Environment: Windows2003, PowerPlay Enterprise7.3, PowerPlay Transformer7.3, Cognos Query7.3, Impromptu Web Reports7.3, Notice Cast7.3, Visualiser7.3.

Cognos Upgrade from 7.1 to 7.3

Involved in installing and configuring Cognos components like Cognos Query, Upfront, PPES, PPTS, Visualiser and Notice Cast on version 7.3. Upgraded all these components from version 7.1 to 7.3.

Role:

• Responsible for Installation, Configuration and Administration of Cognos EP Series 7.3 Upfront, IWR, Cognos Query, Power Play, Visualizer, Noticecast 7.3.

• Migrated all Power Play Cubes and Transformer Models. Moved reports, cubes and Cognos Query Models from one server to other using Deployment Manager.
• Published IWR reports and Powerplay cubes, Powerplay reports, on the portal using Cognos IWR report admin, Powerplay enterprise server.
• Upgraded 450 IWR reports ,300 PP cubes , 120 CQ reports 80 visualisations from 7.1 to 7.3

Environment: Windows2003, PowerPlay Enterprise7.3, PowerPlay Transformer7.3, Cognos Query7.3, Impromptu Web Reports7.3, Notice Cast7.3, Visualiser7.3.

Confidential

CPA-CDI

The Central Point Administration aims to reduce the administrative overhead of managing GE worker information. CPA is based on Enterprise Meta Directory architecture. A Meta Directory provides large organization with a way of consolidate disparate worker sources into a unified directory view that will evolve with technology.

Responsibilities:

• Responsible for writing and maintaining Perl scripts used to maintain the user base up to date with latest attributes
• Interacting with the client and users on daily basis solving all production issues.
• Responsible for interacting with the development team in testing the flow of the application related to the flow of user attributes from one directory to another.
• Responsible for making sure that daily jobs for updating worker information run to completion successfully.

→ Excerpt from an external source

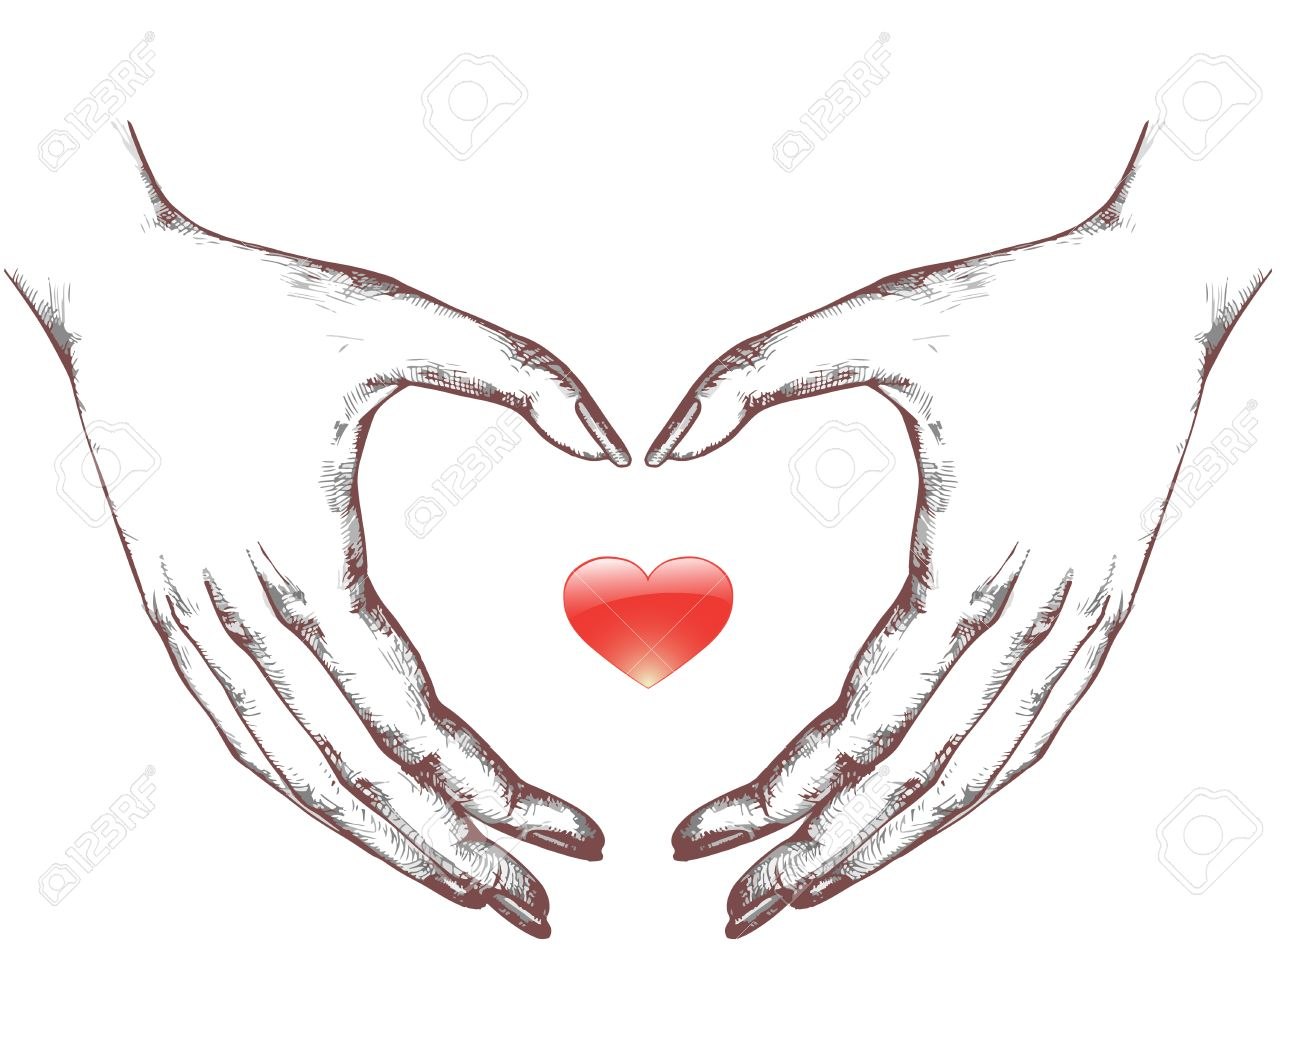 Dibujo De Manos De La Mujer Construidos En Forma De Corazón

Environment: Solaris 2.7, LDAP, Perl

Confidential

Bandwidth Manager

Design, Development and Implementation of Bandwidth Manager . Created a front end for configuration and management of a LINUX based Bandwidth Manager, using IP Route2/TC package including a fully functional Graphical User Interface for users. It is a tool for Network Administrators used to control inflow and outflow of traffic from ISP to customers and works in two different modes- Administrative and Normal.

Role :

• Involved in design development of the tool. Created a front end for configuration management of Bandwidth manager.
• Involved in functional testing.

Environment:Linux, CGI Perl, HTML, Java Script, MySql

Training s

Six Sigma Green Belt training.

Achievements

• Received Client GE Insurance Solutions awards for various process enhancements to the existing setup.
• Received Employee Of the Month award BirlaSoft Inc for my work at GE Insurance Solutions, Overland Park, Kansas.